# Sous Vide Cheesecake!



## baseballguy99 (Mar 9, 2018)

So I have a crazy love for cheesecake...Our local donut shop makes an awesome cheesecake but at $3 a slice, it gets expensive.  So I was watching YouTube and saw SousVideEverything’s cheesecake video and thought I would give it a try.  I followed their recipe except I used graham crackers for the crust instead of nilla wafers.

185* Degrees for 90 minutes.  Let cool on counter for a few hours.  Then into the fridge overnight. 

They are downright amazing!!  My wife said now I can make these for parties, holidays, and get togethers!

***WARNING*** Do not open while they are hot/warm...they will expand like a package of biscuits and make a mess!!!!












































Next time I will only make a 1/2 batch.  Their recipe will make 20 or so “jelly” jars.


----------



## Braz (Mar 9, 2018)

Oh my God! My wife is going to kill me. I am all over this.


----------



## chopsaw (Mar 9, 2018)

I like it too . How deep is the water ? Over the lid ? I guess the seal keeps the water out ?


----------



## old golfer guy (Mar 9, 2018)

chopsaw, yes on deserts like this you cover the jars as they cook. I did a crème brulee a while back and the bride said that is your desert from now on!! Hers was pretty good but s v is a more fool proof way to make some deserts. You have to put the lids on just finger tight so the air can get out then let them cool. Like most S V cooking almost fool proof.


----------



## chopsaw (Mar 9, 2018)

Thanks for the info . Finger tight keeps the water out ?


----------



## SonnyE (Mar 9, 2018)

Cheesecake Lovers Unite!
Sure looks good! Great TV snack!
I prefer Graham Crackers.

***WARNING*** Do not open while they are hot/warm...they will expand like a package of biscuits and make a mess!!!!

It sounds like somebody got a wee bit in a hurry.... :D

You still need some wine for that rack... ;)


----------



## baseballguy99 (Mar 10, 2018)

Haha I keep telling my wife we need to donate it (we don’t drink much) because it’s taking up my precious counter space!

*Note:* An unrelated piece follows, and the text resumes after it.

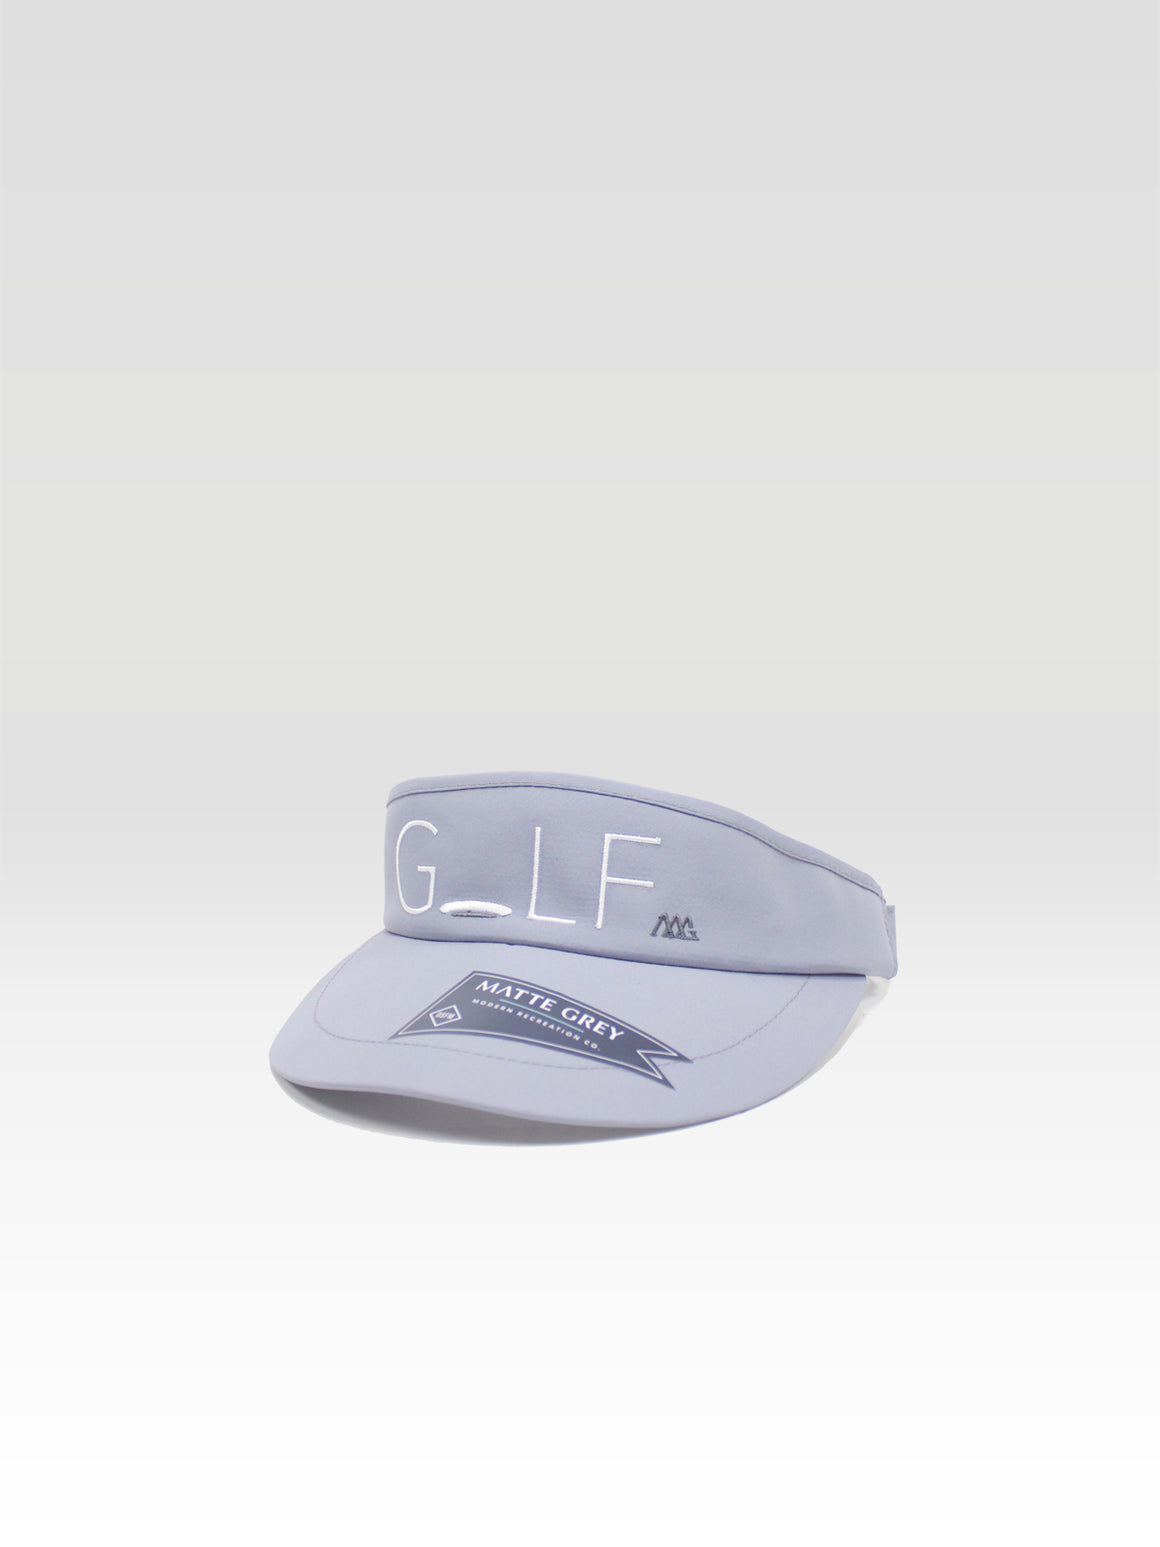 Hole-In-One Visor - Frost Grey (White)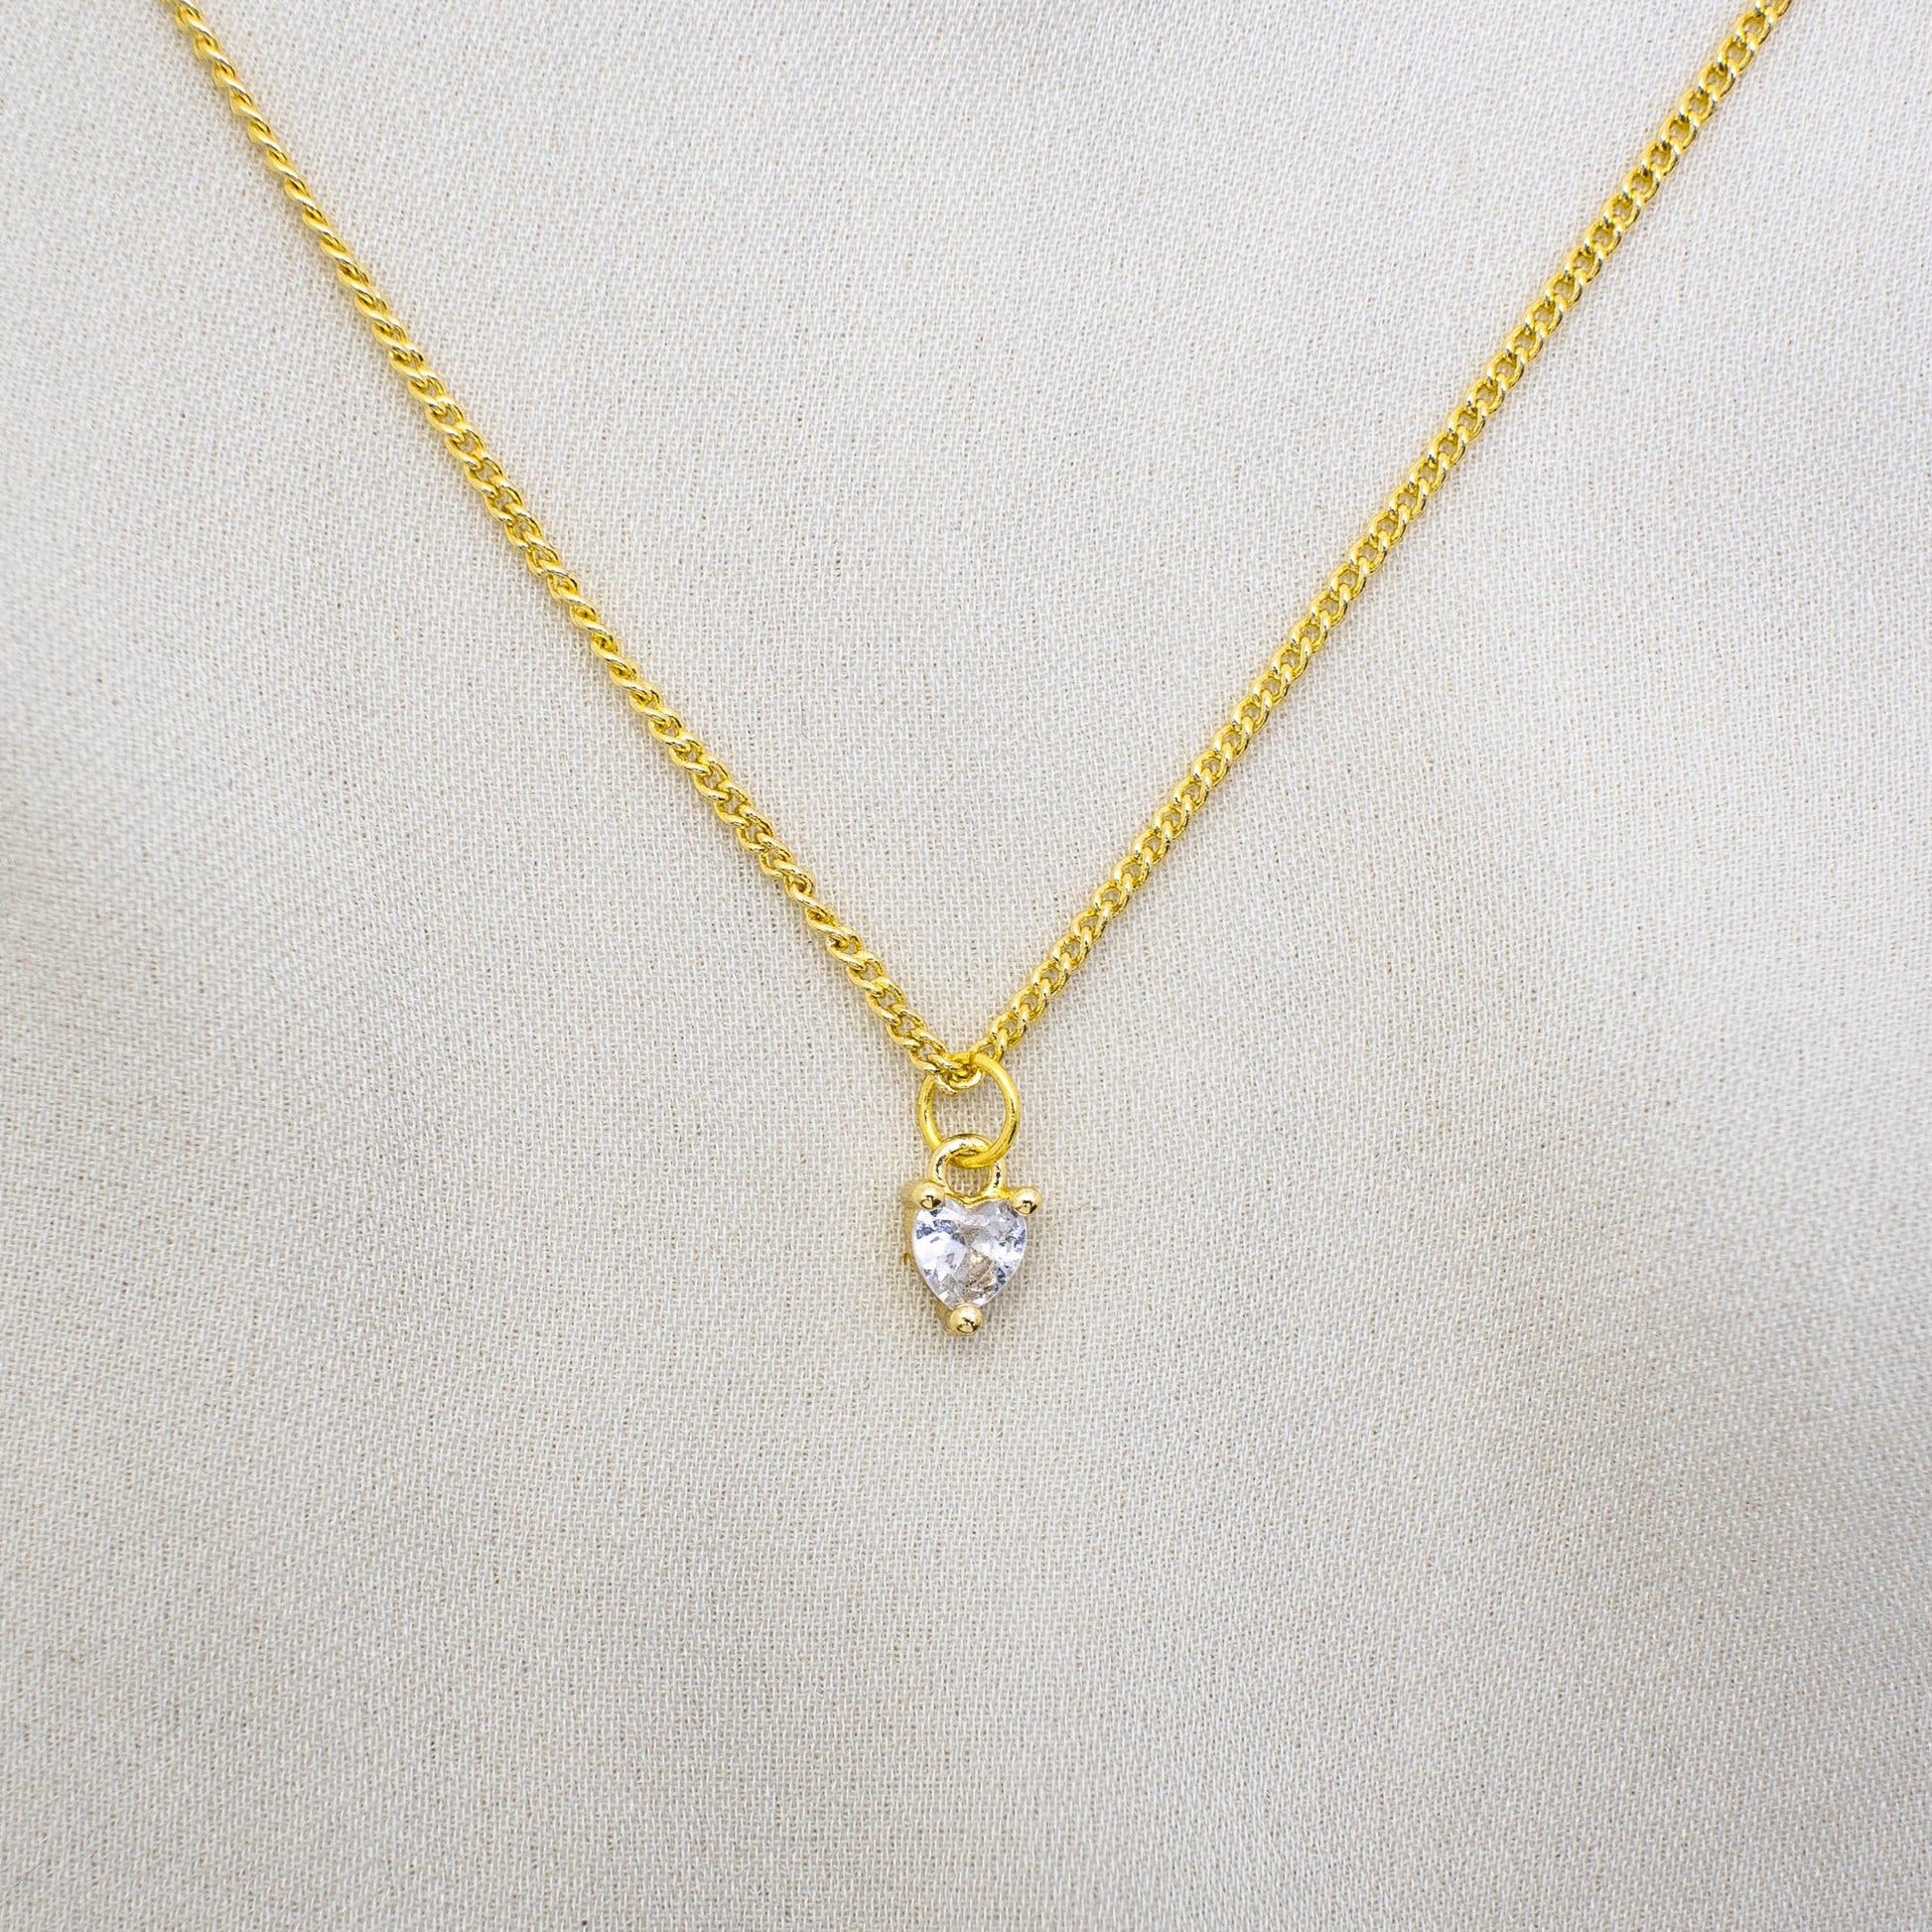 This photo features a thin chain necklace made of 14K gold-plated sterling silver, paired with a mini zirconia heart charm.

As OGG said, completely cover the jars and finger right on the lids to let air bubble out.

Haha ya there was no warning about opening the jars early...I found out the hard way.


----------



## SonnyE (Mar 10, 2018)

baseballguy99 said:


> Haha I keep telling my wife we need to donate it (we don’t drink much) because it’s taking up my precious counter space!
> 
> As OGG said, completely cover the jars and finger right on the lids to let air bubble out.
> 
> Haha ya there was no warning about opening the jars early...I found out the hard way.



Maybe you could use it as a bat organizer. ;)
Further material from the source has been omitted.